The answer to those questions would help clarify your situation and get you better advice.


----------



## okeydokie (Sep 10, 2008)

MarkTwain said:


> Nikita-
> 
> You could at least throw him a clue!
> 
> You could be having a lot more fun, if you got out of your own way. Pride!



isnt this what i've been trying to say?? :scratchhead:


----------



## Uglee70 (Jan 2, 2009)

MsLady said:


> What are her terms? What are you arguing about during foreplay?
> 
> The answer to those questions would help clarify your situation and get you better advice.


Her terms... certain positions are not an option e.g. 69, her on top facing away from me, she takes oral but won't give it, she rarely seems to enjoy my wandering hand during foreplay, if I ask her to wear something to turn me on like a dress or a shirt she has (only for us and in the privacy of our home) she treats it as if I want to play a rediculous, childish game. If I want us to massage each other with oil or body lotion it is met with a condescending "c'mon be serious". Licking and eating food off each other seems to be too bothersome a task, or maybe just too sticky.

I've done ALL the things she likes to get her in the mood which is basically one thing....cook a nice dinner, put on a suit followed with a candle lit bath, which more often than not, after sveral hours of preparation leads to getting out of the bath and she wants to watch a movie. 

After doing that a dozen times I feel like I'm entitled to a little reciprocation.


----------



## MarkTwain (Aug 1, 2008)

Uglee70-

On my website below, there is link about women who don't like sex. See if any of the sections apply to you. It's a long read, sorry.


----------



## Uglee70 (Jan 2, 2009)

MarkTwain said:


> Uglee70-
> 
> On my website below, there is link about women who don't like sex. See if any of the sections apply to you. It's a long read, sorry.

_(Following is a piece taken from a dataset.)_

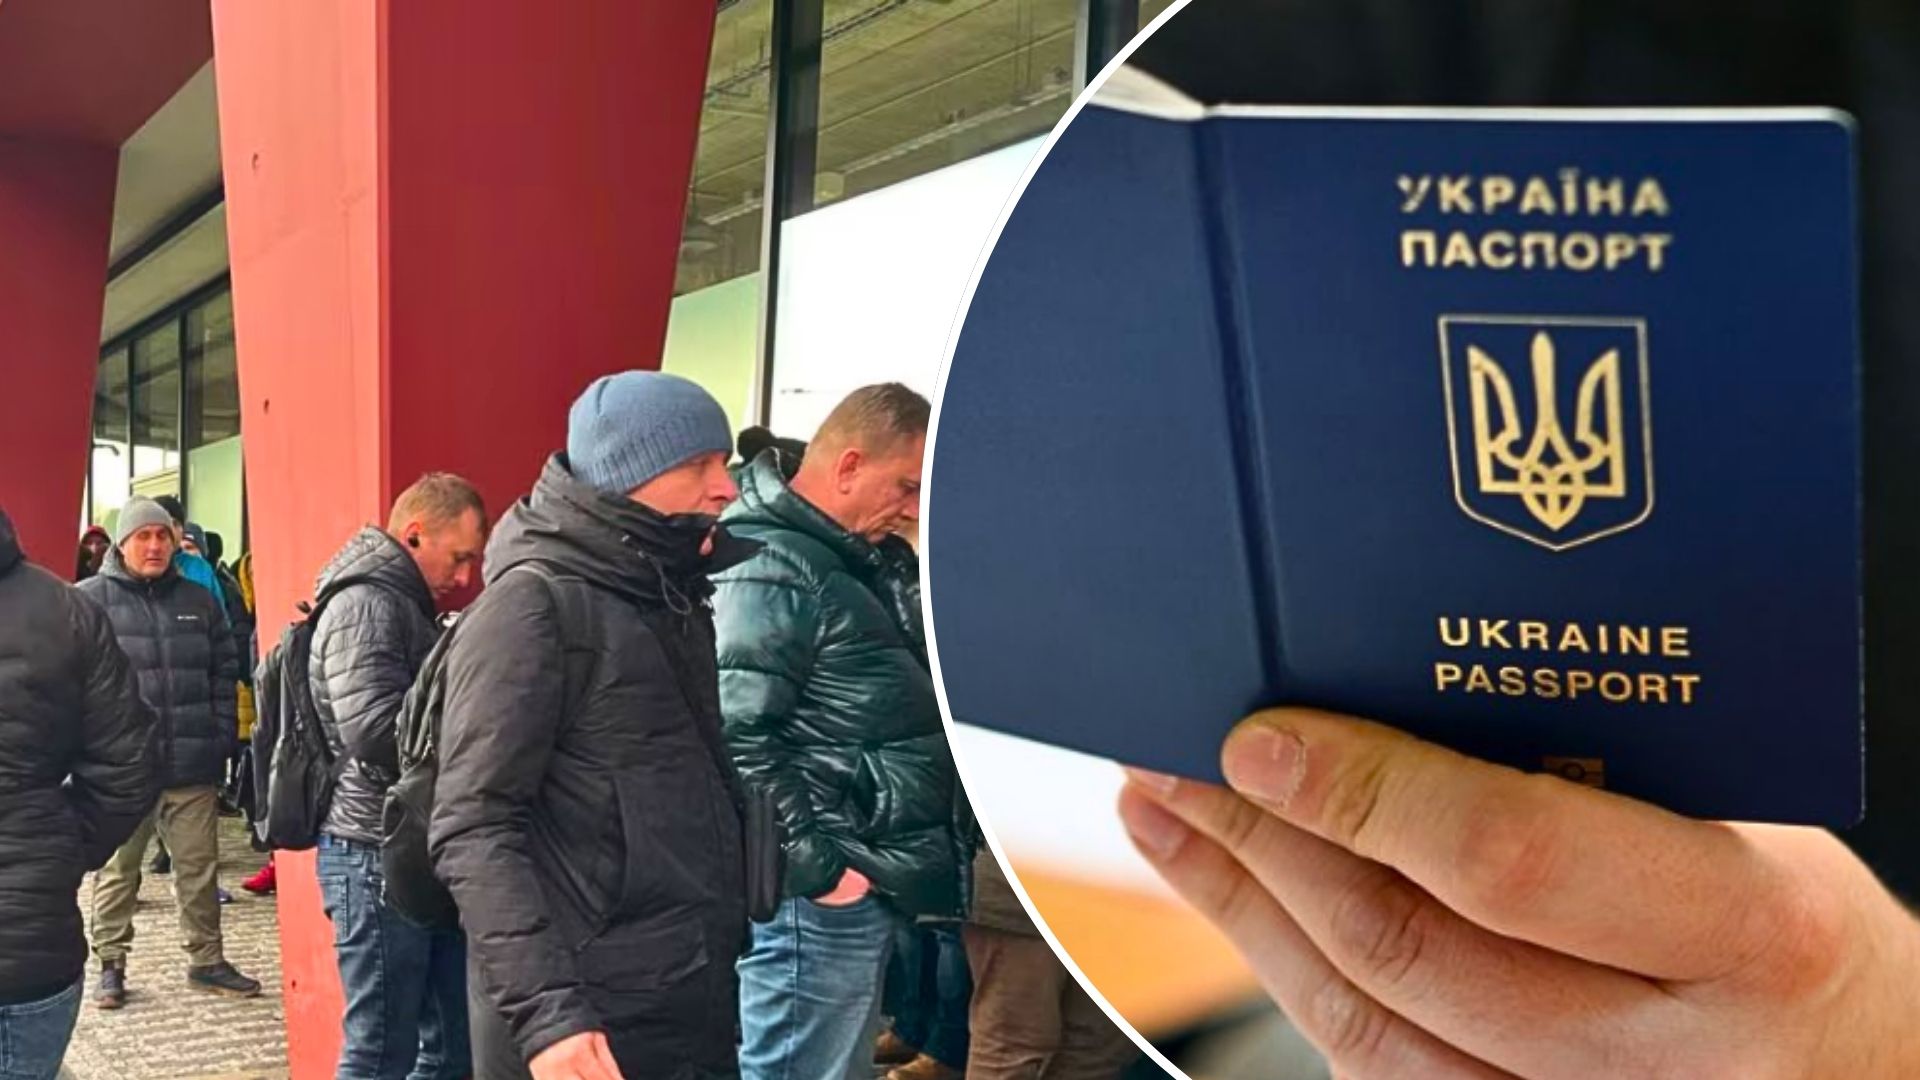 Министерство иностранных дел Украины якобы временно приостановило консульские услуги для граждан мужского пола призывного возраста.

Interesting article...common sense that can be hard to see even when it sits somewhere in you're subconcious. There are a few things in the article that I have identified with and I will first pay attention to the "resentment" part of it. We all have idiosyncracies that piss somebody off, I'll just have to stamp out the ones I have that I know can get under her skin.

I'll have to bookmark that page so I can refer to it again and again.

Thanks.


----------